We then incubated wt, R273H and R175H p53 core domains with 2 mM MQ and performed DSF and CD analyses. This concentration of MQ was chosen to override the reducing agents DTT or TCEP included in the reaction buffer to preserve the structure of the p53 core domains. According to DSF, MQ increased the Tm value of wt, R273H and R175H p53 core domains by 3.44, 3.54 and 2.31 °C, respectively (Fig. 2c). This degree of thermal stabilization by small molecules is in agreement with previously published results16. CD analysis confirmed thermostabilization of all three cores by MQ as shown by the increase in Tm values by 1.20, 1.70, and 2.06 °C for wt, R273H and R175H p53, respectively (Fig. 2d). The inactive MQ analog MQ-H did not significantly change the thermal stability of the p53 core domains (Fig. 2c, d).
Thus, MQ but not MQ-H increases the thermostability of p53 core domains, confirming that cysteine binding by Michael addition is critical for p53 thermostabilization by MQ. The results from DSF and CD were fully consistent; the protein melting temperatures determined by the two methods correlated with each other (r = 0.999, p = 0.007). DSF was chosen for further studies.
Identification of MQ binding sites in the p53 core domain
The p53 core domain has 10 cysteine residues with varying solvent accessibility.

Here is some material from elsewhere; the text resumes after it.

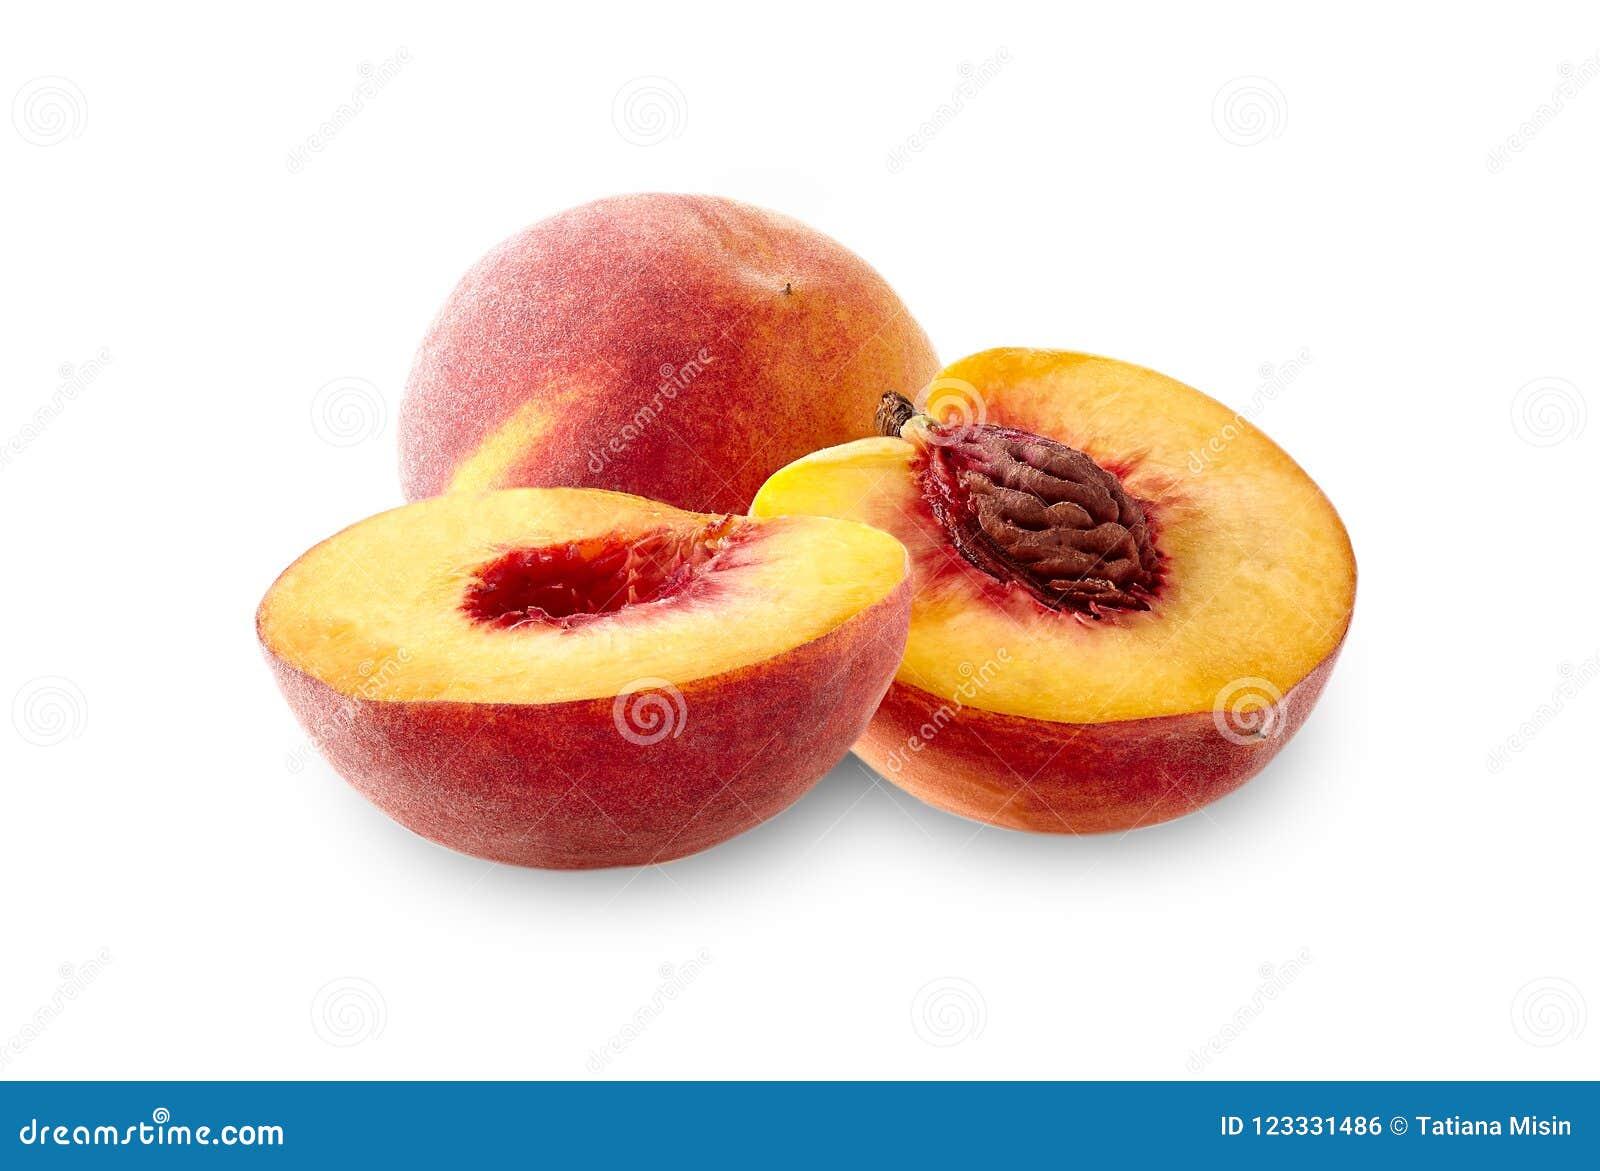 Peach with peach halves on white

Previous studies have indicated that in the absence of DNA, Cys277 has the highest solvent accessibility, followed by Cys182 and Cys229, whereas Cys135, Cys141 and Cys275 have poor solvent accessibility30. Cys124 is located at the center of the flexible L1/S3 pocket, which can be stabilized by second-site mutations to rescue mutant p53 folding31,32,33. Interestingly, Cys124 shows a nuclear magnetic resonance (NMR) chemical shift upon binding of the CDB3 peptide that stabilizes mutant p5334. In addition, substitution of Cys124 abrogated reactivation of R175H mutant p53 by PRIMA-131.

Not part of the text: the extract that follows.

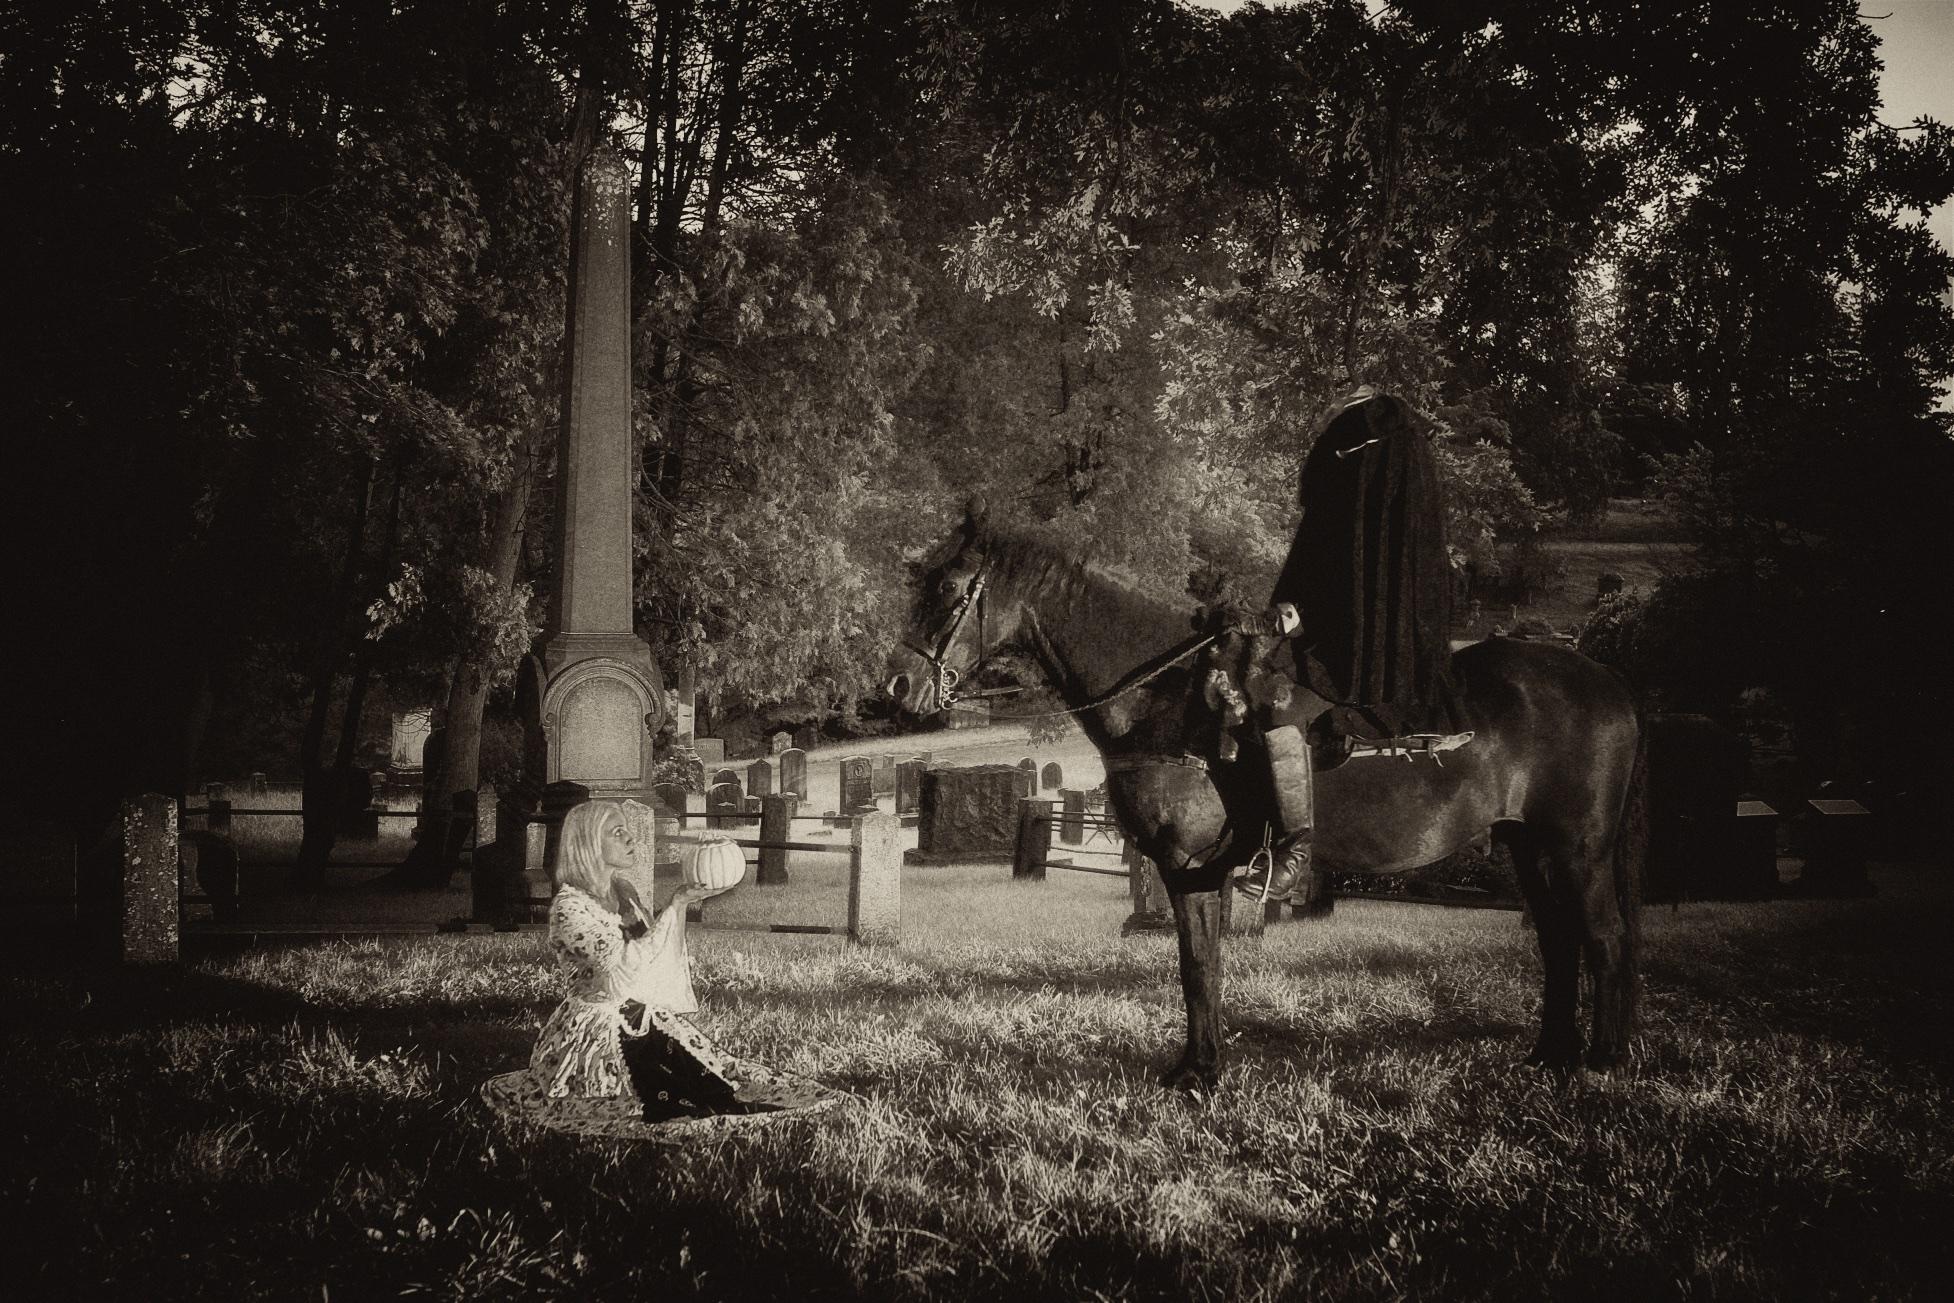 Headless horseman at Sleepy Hollow Cemetery with Katrina Van Tassel

To investigate if the most solvent-exposed cysteine residues and Cys124 are critical for MQ binding to p53, we introduced single Cys to Ala substitutions at position 124, 182, 229 or 277 in the wt, R175H and R273H p53 core domains, and double substitutions at Cys124 and Cys277 in the same three core domains. The R175H p53 core domain has low intrinsic thermostability and additional amino acid substitutions might destabilize it further. This probably explains why we obtained negligible protein yield for the R175H–C124A and R175H–C124A–C277A core domains. LTQ-MS analysis of the R273H mutant p53 core domains identified one MQ adduct in the R273H, R273H–C124A, R273H–C182A, and R273H–C229A p53 cores after incubation with 50 µM MQ, whereas no MQ modification of the R273H–C277A and R273H–C124A–C277A core domains was detected (Fig. 3a). However, incubation with 100–200 µM MQ resulted in 2–5 MQ adducts in all p53 mutant core domains tested except R273H–C277A (Fig. 3b, c). This implies that MQ modifies several cysteines in p53, and suggests that Cys277 is the most reactive.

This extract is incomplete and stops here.